5. Finally, the Authors should mention the recent efforts to perform MIT with atomic magnetometers for medical applications (for example, https://arxiv.org/abs/1805.05743, https://arxiv.org/abs/1905.01661, https://arxiv.org/abs/2002.04943). Although clearly at a different level of technology progress with respect to the configurations explored by the Authors, would the findings of the present work be applicable with these quantum sensors? I believe that the Authors' results may be of interest to that community, so I would suggest the Authors to briefly comment on this, if possible.
Author Response
Please see the attachment.
Author Response File: Author Response.pdf
Reviewer 3 Report
The paper describing an interesting and challenging issue. In its current form it is hard to follow the story. I suggest the authors clarify points below:
1)Explain in detail the exact application of ihterest.
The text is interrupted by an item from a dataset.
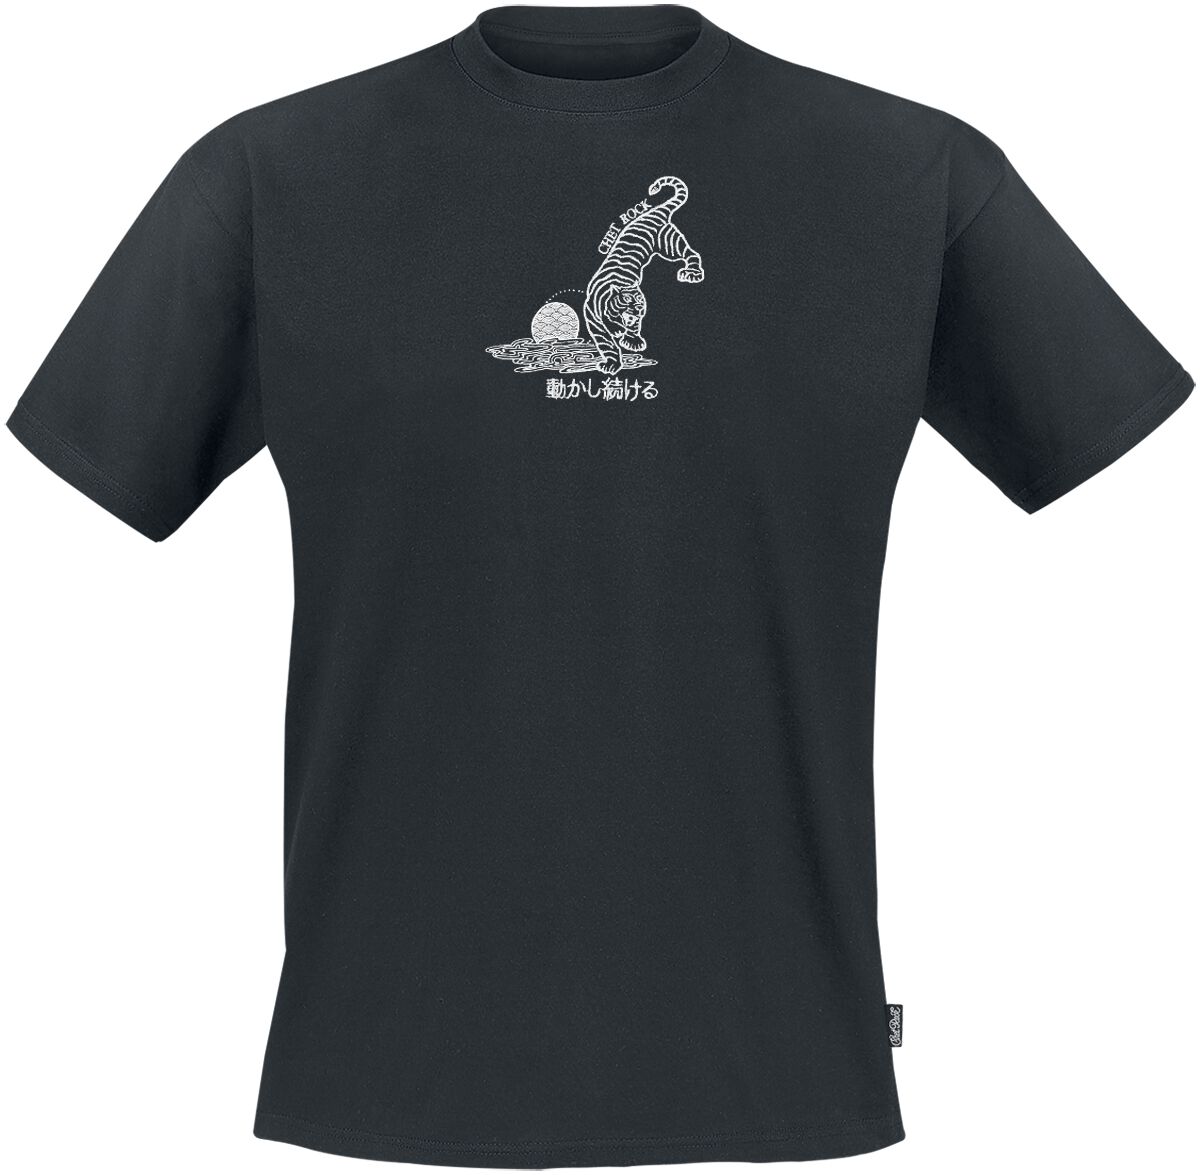 Chet Rock Crouching Tiger T-Shirt schwarz in L

In current form it is hard to see what is the use. Clearly describe the application so it can be best judged weather or not the improvement is useful.
2)Not sure if I understand the sensitivity plots of figure 1. To me they look like dot product of B fields which is not relevant for conductive background when looking for conductivity changes. Plus that how those four coils in figure 1 links to 3D scanning and what is done later on.
3)Also need to clarify if amplitude is measured or phase, and each one of these behave slightly differently.
4)Not sure what is scanning person in figure 17 is showing. What is the purpose and why we are scanning whole body by moving the person?
Author Response
Please see the attachment
Author Response File: Author Response.pdf
Round 2
Reviewer 3 Report
The paper now does better on clarifying my comments.